If nothing else, this lecture is giving me pause to reconsider some of my presuppositions. I’m not too satisfied with some of the explanations, however. I don’t understand why the discussion of “fairness” went immediately into physical properties of physical dice. We were dealing with an abstraction: an abstraction which might act as a useful model for a real thing, but an abstraction nonetheless. What does it mean for an abstraction to be “fair”? If I’m to apply the term at all, I have to think in terms of not showing partiality towards any outcome, such as a nondeterministic process with all possible output states equally weighted. That is also an abstraction, and one which meets what I understand by “fair”. I could also model this in terms of a binary noise sequence. It seems like I’m adding to the ontology relative to the initial deductive proof of Bayes, however, but then the Statistical Syllogism seems to be smuggling in its own rules. I guess I’ll have to hold off until I’ve seen Stove’s proof. If we can derive the Statistical Syllogism from the original premises which gave us Bayes, I’ll be surprised and delighted.

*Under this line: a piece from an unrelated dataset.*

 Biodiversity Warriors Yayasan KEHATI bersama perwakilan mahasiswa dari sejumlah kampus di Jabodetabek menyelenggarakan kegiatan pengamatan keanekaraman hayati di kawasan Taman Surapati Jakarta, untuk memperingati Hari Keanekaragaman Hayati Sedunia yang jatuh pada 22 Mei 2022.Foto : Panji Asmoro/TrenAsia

Anyhow, if we have an X with six mutually-exclusive states, and that’s all the information (E) we have, then I’m not sure how to compute Pr(C|E) for C of “X is in state N” for some valid N. It’s definitely true that Pr(C|E) is bounded by (0,1). If we add to “fair” (F) to our givens, then Pr(C|EF) = 1/6, based on my interpretation of “fair”. If I grant the Statistical Syllogism, then Pr(C|E) = 1/6 also, but I have questions. Being told nothing about the system’s proclivity for particular states is not the same as being told it has an equal affinity for each state: being told nothing is compatible with both 1:1:1:1:1:1 weighting and 1:2:3:4:5:6 weighting, as well as every other possible weighting.

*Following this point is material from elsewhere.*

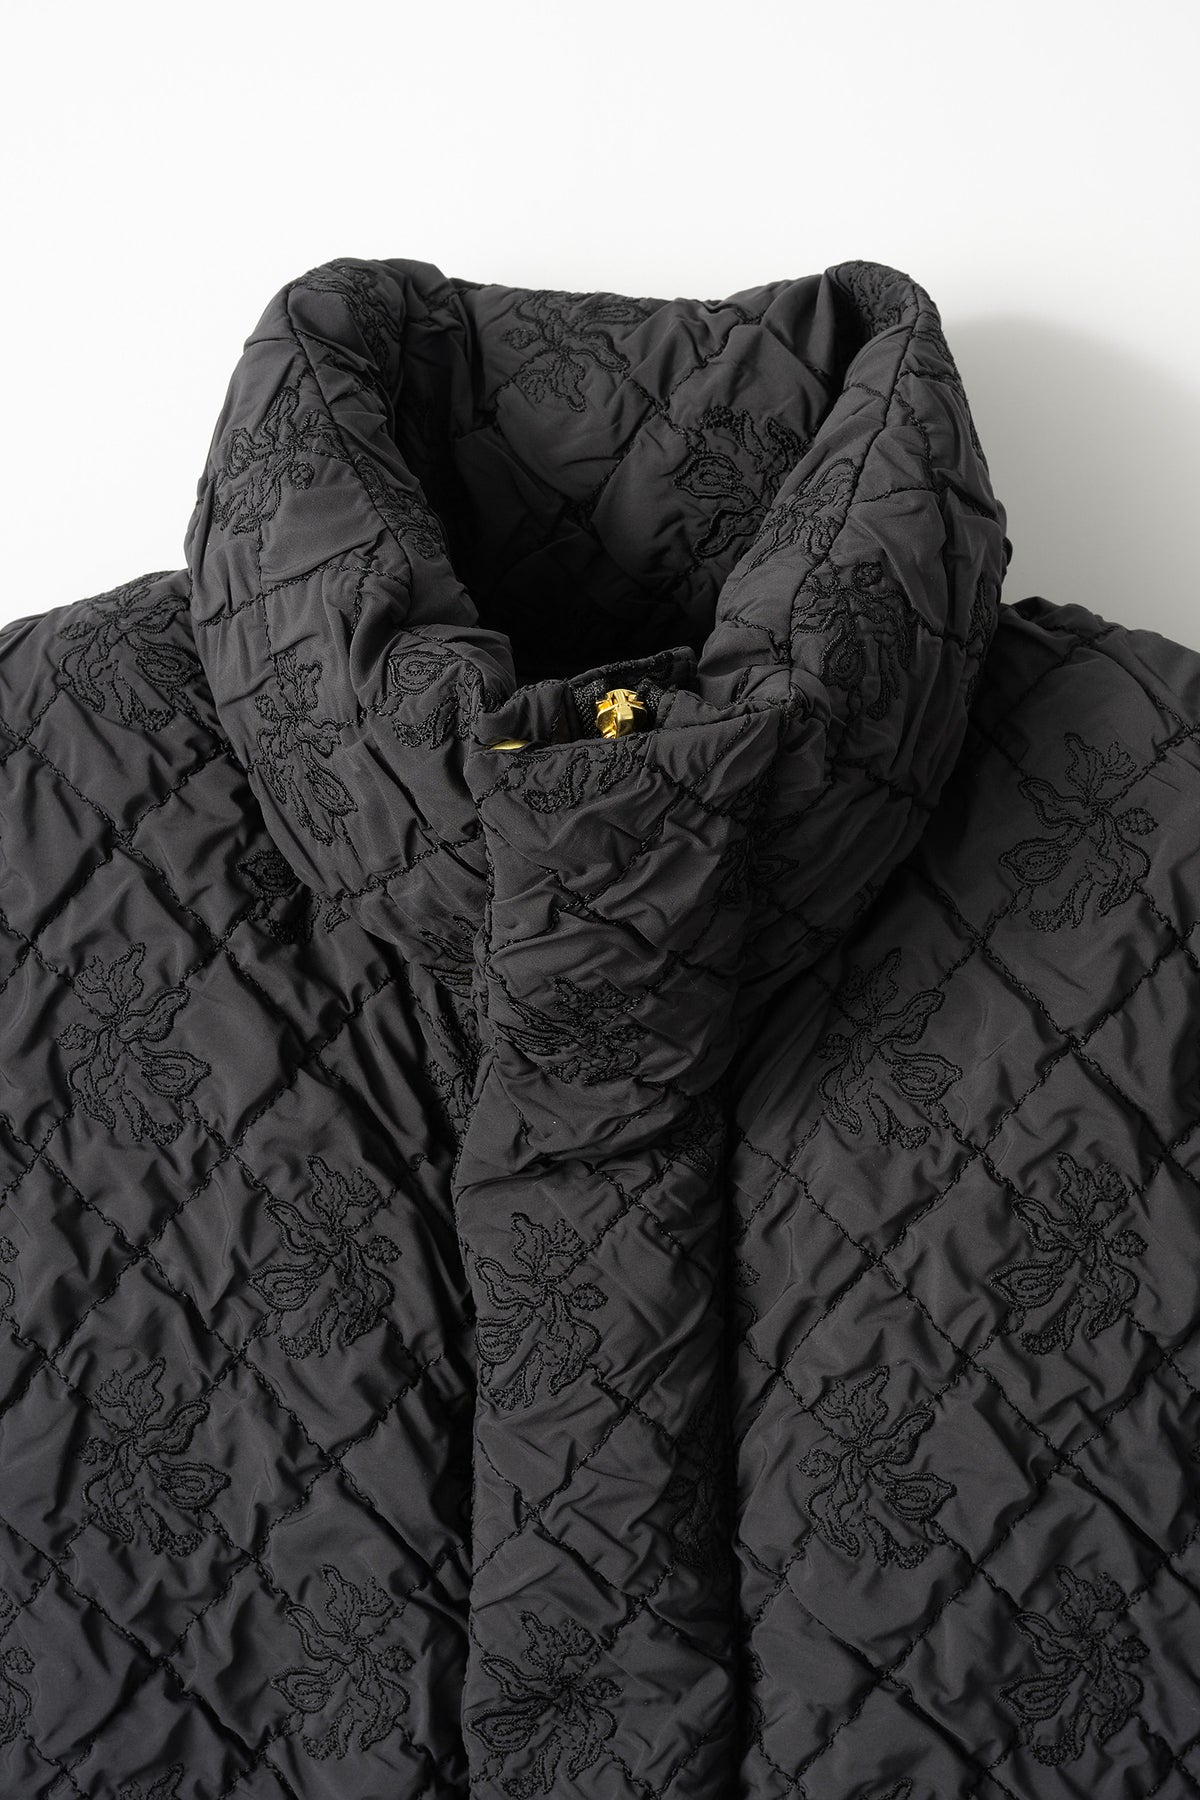 Dahlia shrinking embroidery down jacket (Black)

On the other hand, I can’t escape the conclusion that a rational actor tasked with handling such a system has no better option than to assume equal probabilities. It’s all very well if you’re a mathematician willing to deal in boundary conditions, but an engineer has to make decisions, preferably rational ones. There’s a big difference between “fair” as a given and strictly “unknown”: the latter case has a broad range of possible behaviour, and a system might need to start with some assumptions, then adjust its behaviour based on incoming evidence (by applying Bayes) to track reality. Even if the two alternatives (with and without F) reduce to the same value, they are qualitatively different: the one without the F needs an asterisk. It’s fundamentally a two-factor problem: what is the actual behaviour of the system, and how much do we know about it? Given F, we know the actual ratio with certainty; without F we have effectively zero knowledge of the ratio, whatever it is. In principle, we could have some suspicions about the ratio that land us between these two points, and there would be a rational way to express this (which I think is pretty obvious).
As for “unfair,” I can only interpret this as “not fair,” and if “fair” implies equal weight for the states, unfair implies not-equal. That excludes the 1:1:1:1:1:1 weighting, but every other possibility still exists. The mathematician still says (0,1) and the engineer still says 1/6 with an asterisk, because excluding that one case makes no difference to the range or the average (because you’re excluding the one case which is dead-on average), and you still don’t know what the actual distribution of outcomes looks like. As such, “unfair” adds no consequential information.